Забава исчезает от её слов, и теперь это я встаю, мои кулаки упираются в стол.
— Я не лжец.
— Я тебя умоляю, — насмехается она. — Всё, что ты когда-либо делал, так это лгал мне.
Я стону, сжимая переносицу.
— Ну вот опять, блядь, началось. Это из-за имени?
— Это из-за твоего общего существования.
— Милая, — вздыхаю я. — Я не думал, что это имеет значение.
Она снова шлепает ладонями по дереву.
— Я же сказала тебе не называть меня так.
Я хихикаю, представляя, как приятно было бы протянуть руку и задушить её, просто чтобы заткнуть ей рот.
— А я сказал тебе, что я не твоя сучка.
Огонь в её глазах такой интенсивный, что, клянусь, он взмывает в воздух и проникает в мою кожу, пока я не сгораю изнутри.
Она ухмыляется.
— Это спорно.
В одну секунду я думаю о том, как сильно я хочу придушить эту паршивку в ней, а в следующую — моя рука проносится над столом и хватает её шею.
Она резко вдыхает, но не сопротивляется мне, человеку, которого, по её словам, она так ненавидит.
Человек, который должен ненавидеть её.
И это бесит меня ещё больше, потому что я действительно её ненавижу. Я терпеть не могу эту девушку. Я бы всё отдал, чтобы забраться в неё и вытащить ту женщину, которую я встретил той ночью в клубе.
Она — та, кто меня интересует, та, кого я так хочу увидеть.
И когда Эвелин придвигается вплотную, вытягивая шею, словно хочет, чтобы я оставил на ней отпечатки своих пальцев, я думаю, что может быть, я нашел её.

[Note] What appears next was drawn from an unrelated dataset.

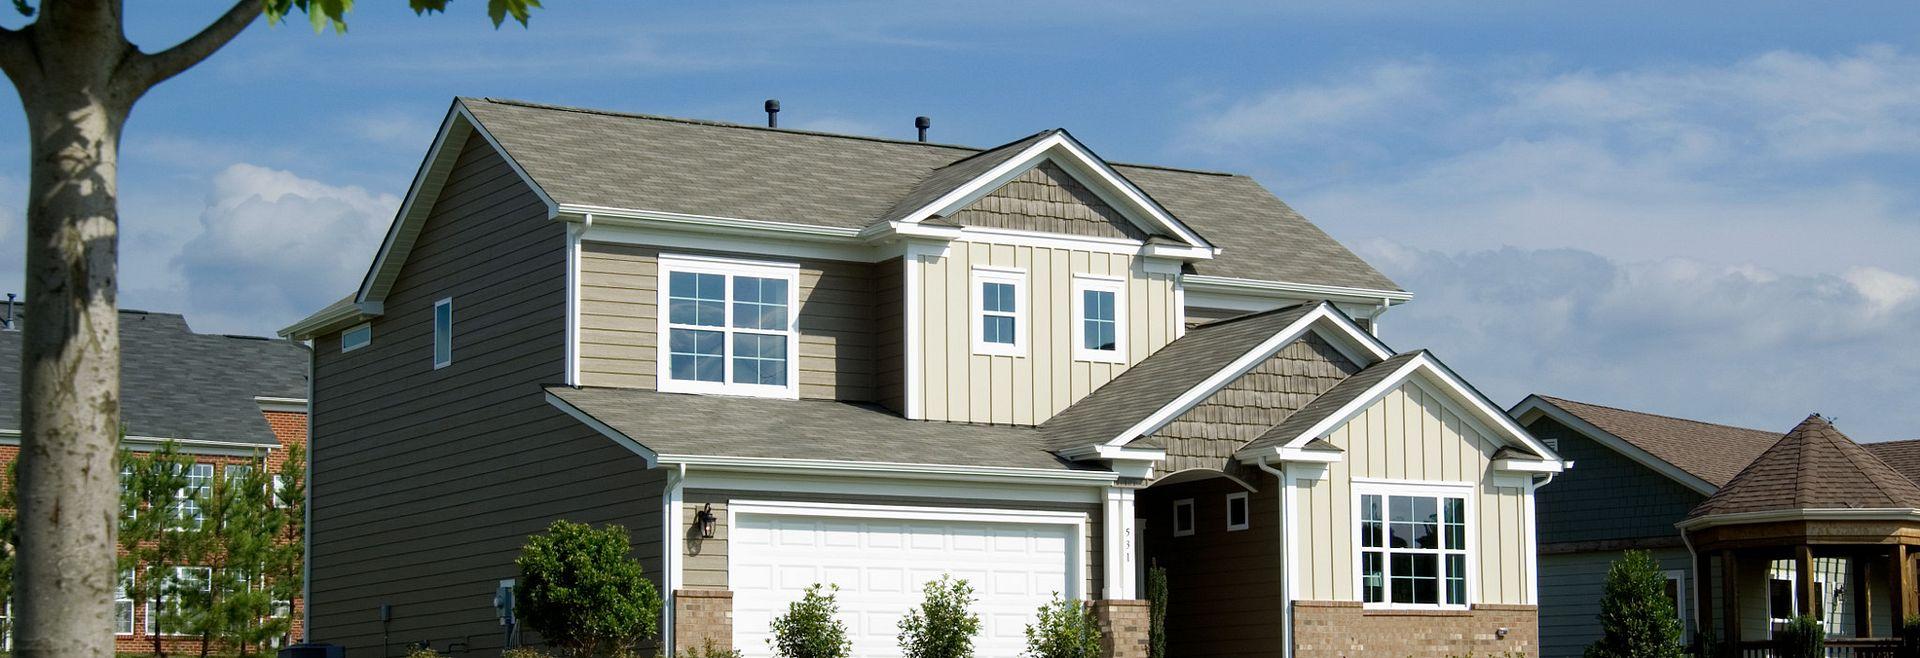 Lantana by Shea Homes in Charlotte, NC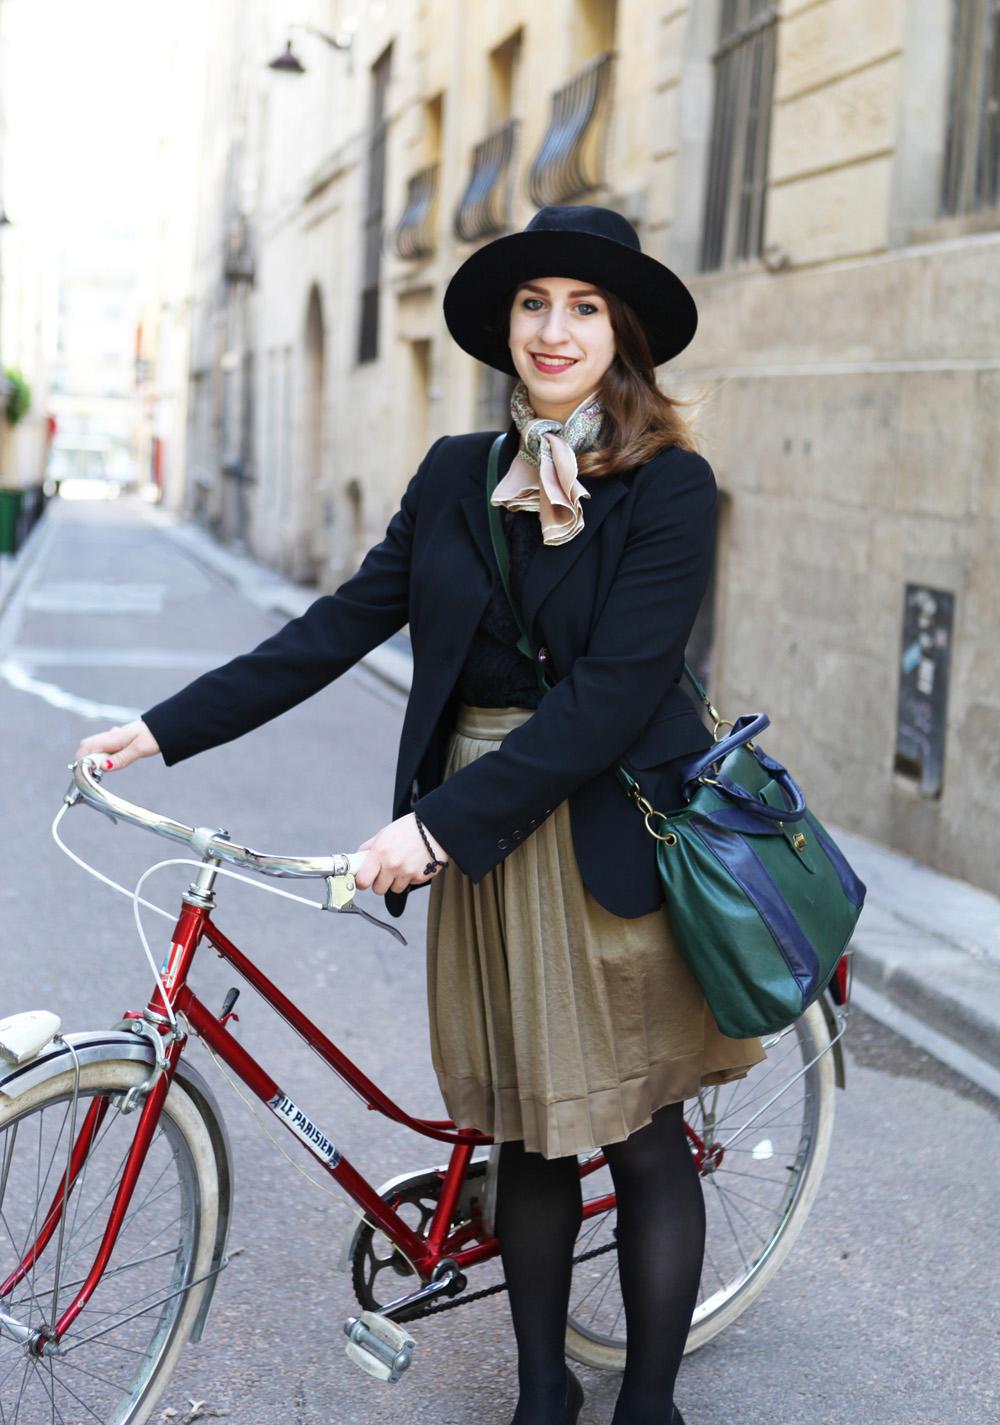 Beret baguette street style paris bike pretty - Frauen style ideen ...

Но потом она сжимает свои губы и плюёт в меня.
Влажная слюна брызгает мне на щеку и стекает по лицу, обрывая последнюю нить моего рассудка. Я бросаюсь вперед, свободная рука проносится по столу, звук падающих на пол наличных и счетчика денег заглушает стук в ушах. Я обхватываю её рукой за талию, грубо затаскиваю её на стол и прижимаюсь своим ртом к её.
Я не думаю о том, что это неуместно. Как она олицетворяет всё то, против чего я выступаю. Что я злодей в её истории, так же как и она в моей.
И я определенно не думаю о проводе, спрятанном на моей шее, который ловит всё, что происходит.
Мой язык проникает в её рот, ища намек на металл, и когда я нахожу его, маленький шарик её пирсинга, двигающийся против моего языка, по моему телу прокатывается ударная волна.
Моя рука крепко сжимает её горло, её пульс бьется о мою кожу.
Она стонет, её похожие на когти ногти впиваются в мою шею, а мой член пульсирует, упираясь в переднюю часть джинсов.
Я провожу губами по её челюсти и вниз по шее, большим пальцем наклоняю её голову назад, чтобы дать себе больше пространства. Она подается вперед, её колени скользят по нескольким свободным стодолларовым купюрам, которые лежат под ней, и она протягивает руку, расстегивает пуговицу на моих брюках и просовывает свою теплую руку внутрь. Она крепко обхватывает меня, и я дергаюсь в её ладони, когда она гладит меня от основания до самого кончика. Из головки сочится сперма, и она проводит по ней кончиками пальцев, используя её для смазки своих движений на обратном пути вниз.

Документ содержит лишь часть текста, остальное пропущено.